Eis porque, durante toda a Idade Média, a fé tornou-se central para a Filosofia, pois era
através dela que essas perguntas eram respondidas. Auxiliada pela graça divina, a fé
iluminava nosso intelecto e guiava nossa vontade, permitindo à nossa razão o conhecimento
do que está ao seu alcance, ao mesmo tempo em que nossa alma recebia os mistérios da
revelação. A fé nos fazia saber (mesmo que não pudéssemos compreender como isso era
possível) que, pela vontade soberana de Deus, era concedido à nossa alma imaterial conhecer
as coisas materiais.
Os filósofos modernos, porém, não aceitaram essas respostas e por esse motivo a
questão do conhecimento tornou-se central para eles.
Os gregos se surpreendiam que pudesse haver erro, ilusão e mentira. Como a verdade
– aletheia – era concebida como presença e manifestação do verdadeiro aos nossos sentidos
ou ao nosso intelecto, isto é, como presença do Ser à nossa experiência sensível ou ao puro
pensamento, a pergunta filosófica só podia ser:
Como é possível o erro ou a ilusão?
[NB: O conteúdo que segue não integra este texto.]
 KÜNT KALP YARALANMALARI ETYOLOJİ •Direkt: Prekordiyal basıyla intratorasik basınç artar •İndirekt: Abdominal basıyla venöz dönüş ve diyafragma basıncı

Ou seja, como é possível ver o que não é, dizer o
que não é, pensar o que não é?
Para os modernos, a situação é exatamente contrária. Se a verdade depende da
revelação e da vontade divinas, e se nosso intelecto foi pervertido pela nossa vontade
pecadora, como podemos conhecer a verdade? Se a verdade depender da fé e se depender da
fraqueza da nossa vontade, como nossa razão poderá conhecê-la?
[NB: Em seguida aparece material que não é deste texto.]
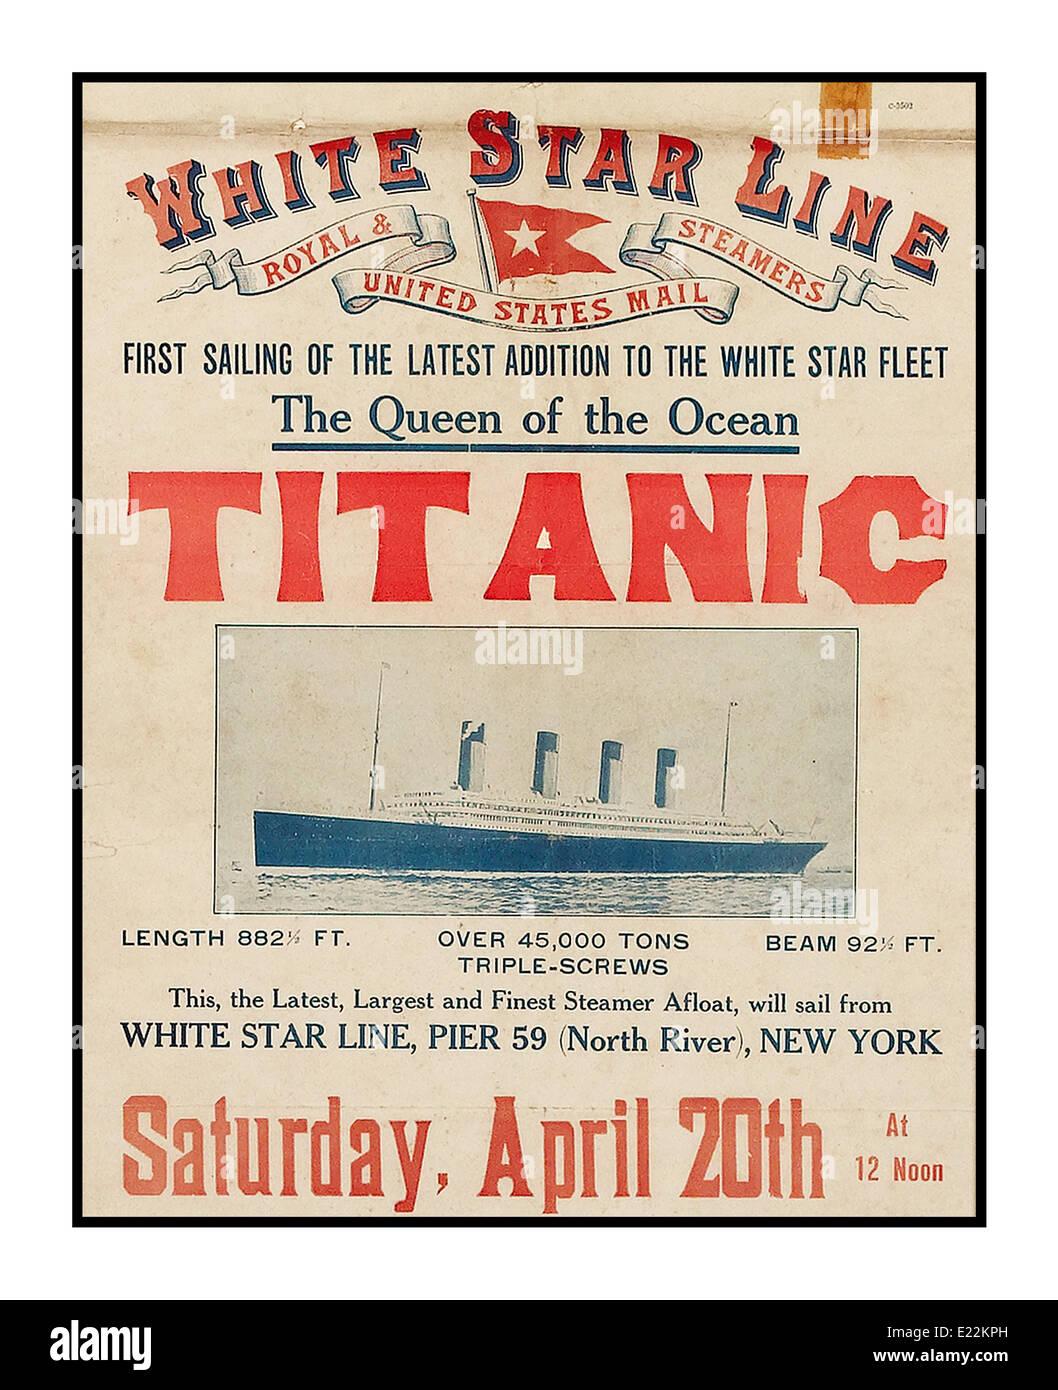 TITANIC-Plakat Werbung für die erste Abfahrt der Titanic aus New York 20. April 1912 Titanic sank auf dem Weg Stockbild

O cristianismo, particularmente com santo Agostinho, trouxe a idéia de que cada ser
humano é uma pessoa. Essa idéia vem do Direito Romano, que define a pessoa como um
sujeito de direitos e de deveres. Se somos pessoas, somos responsáveis por nossos atos e
pensamentos. Nossa pessoa é nossa consciência, que é nossa alma dotada de vontade,
imaginação, memória e inteligência.
A vontade é livre e, aprisionada num corpo passional e fraco, pode mergulhar nossa
alma na ilusão e no erro. Estar no erro ou na verdade dependerá, portanto, de nós mesmos e
por isso precisamos saber se podemos ou não conhecer a verdade e em que condições tal
conhecimento é possível. Os primeiros filósofos cristãos e os medievais afirmavam que
podemos conhecer a verdade, desde que a razão não contradiga a fé e se submeta a ela no
tocante às verdades últimas e principais.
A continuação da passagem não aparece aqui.